First, to establish a 95% confidence interval of the estimated proportion within ± 2.5%, it was necessary to collect data from 1600 elderly people. Descriptive statistics were used to analyze socio-demographic and clinical data.

We followed the EORTC QLQ-C30 Scoring Manual (Osoba et al. 1998; Fayers and Machin 2000; Goo et al. 2017). For missing items, a straightforward method used by many HRQOL instruments for imputing items from multi-item scales was used as following: if the participant had answered at least half of the items from the scale, it was assumed that the missing items would have values equal to the average of those items that had been answered by that particular respondent. Moreover, we used the COSMIN Risk of Bias checklist (Mokkink et al. 2018a, b).

Reliability

The reliability domain consists of the following three measurement properties: (i) internal consistency, (ii) reliability, and (iii) measurement error.

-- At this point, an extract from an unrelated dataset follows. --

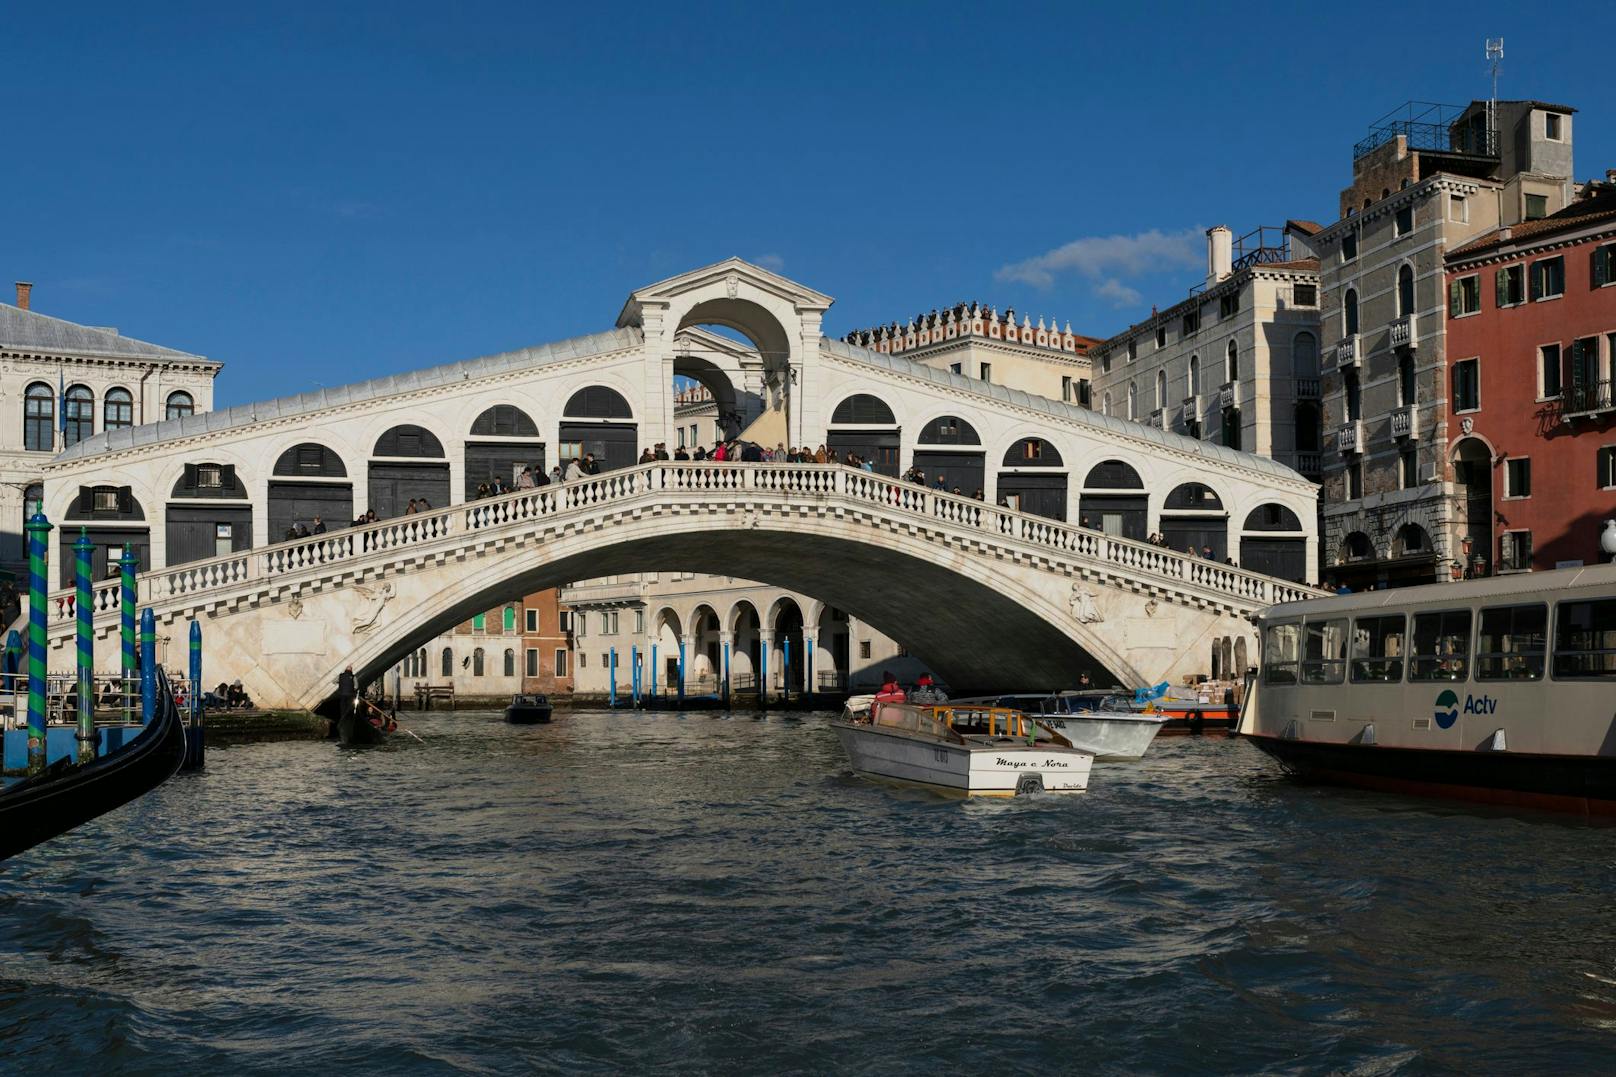 19. Rialto Brücke in Venedig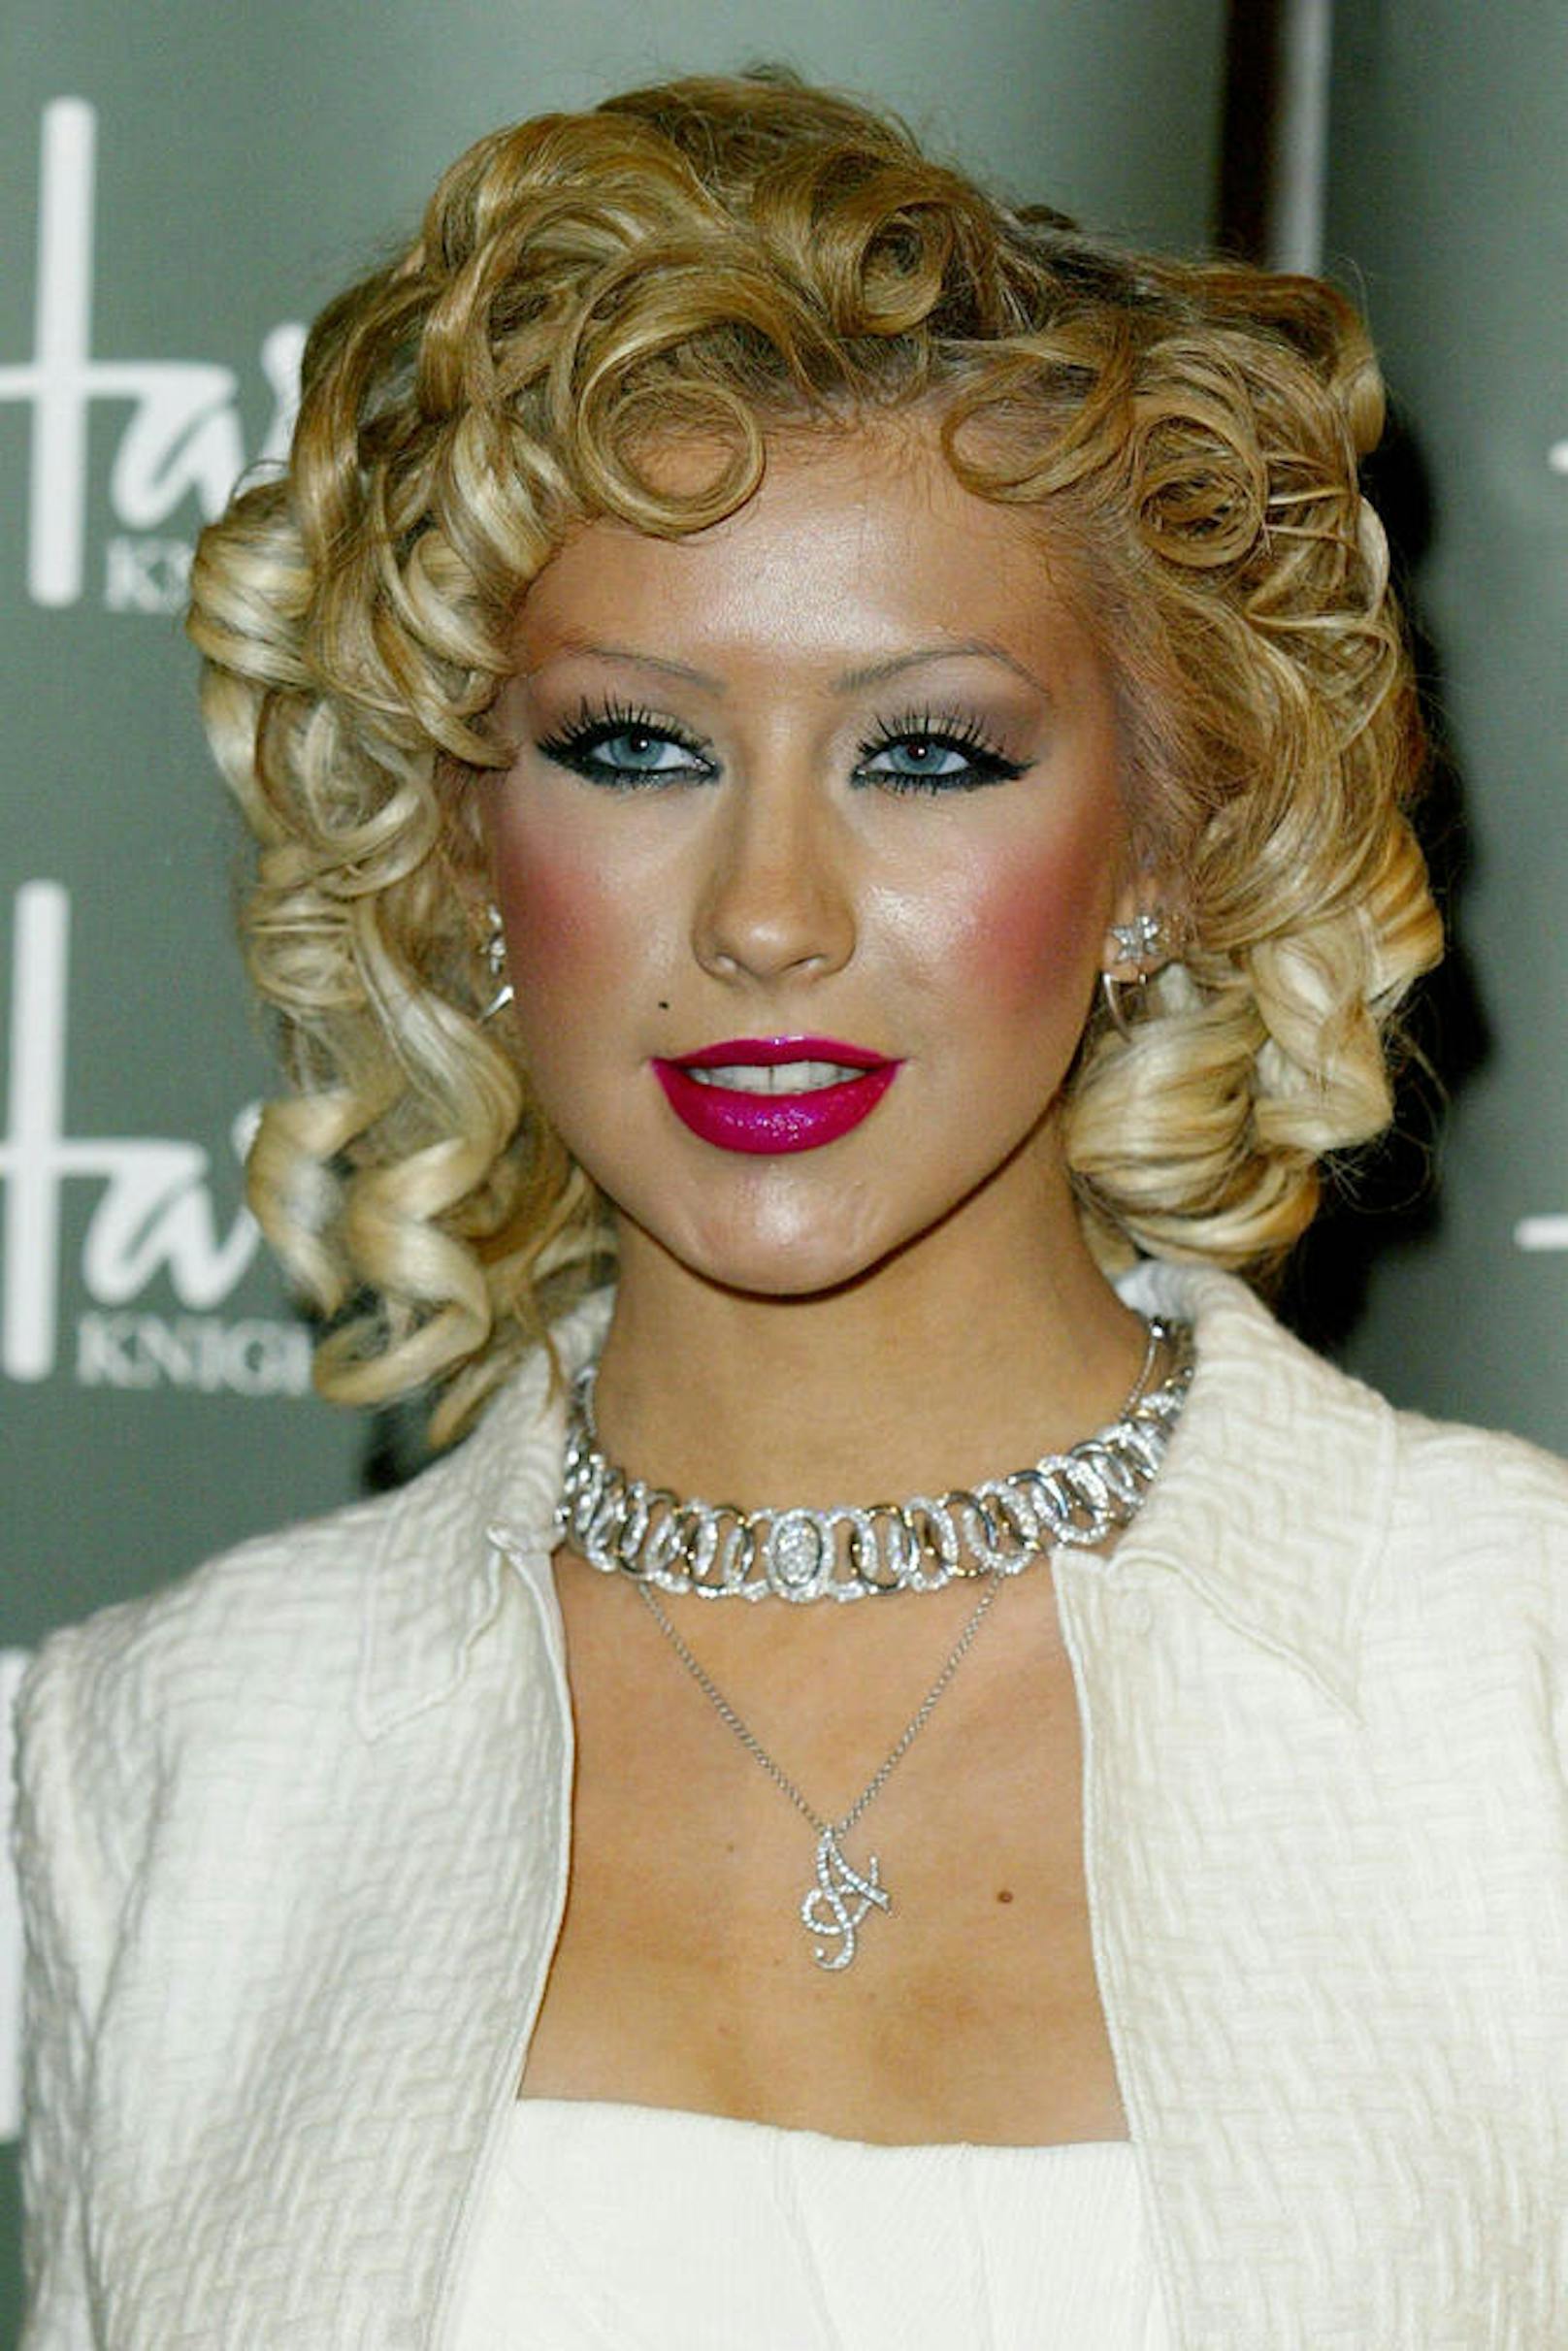 Christina Aguilera mit allem zu viel: Lippen, Make-up, Augen etc.

First, Cronbach α was used to assess the level of reliability of internal consistency, and α ≥ 0.7 was considered statistically significant (Cronbach 1951). Furthermore, it indicates the level of internal consistency with respect to the specific sample. Second, for the test–retest analysis, conventionally, an intraclass coefficient constant (ICC) of ≥ 0.70 was considered sufficient (Shrout and Fleiss 1979). Third, measurement error refers to the systematic and random error in an individual patient’s score that is not attributable to true changes in the construct being measured; the statistic used to assess measurement error was the smallest detectable change (SDC) (Fayers and Machin 2000). It is directly related to the standard error of measurement (SEM). Changes within the SDC, and smaller than the SDC, were attributed to measurement error, and changes outside the SDC, and larger than the SDC, were considered to be real changes in individual patients. SEM is a measure of how much the measured test scores are spread around a “true” score. The SDC is a measure of the variation in a scale due to measurement error. Thus, a change score can only be considered to represent a real change if it is larger than the SDC. It is the same as a minimum detectable change.

Validity

Validity was measured as construct and criterion validity.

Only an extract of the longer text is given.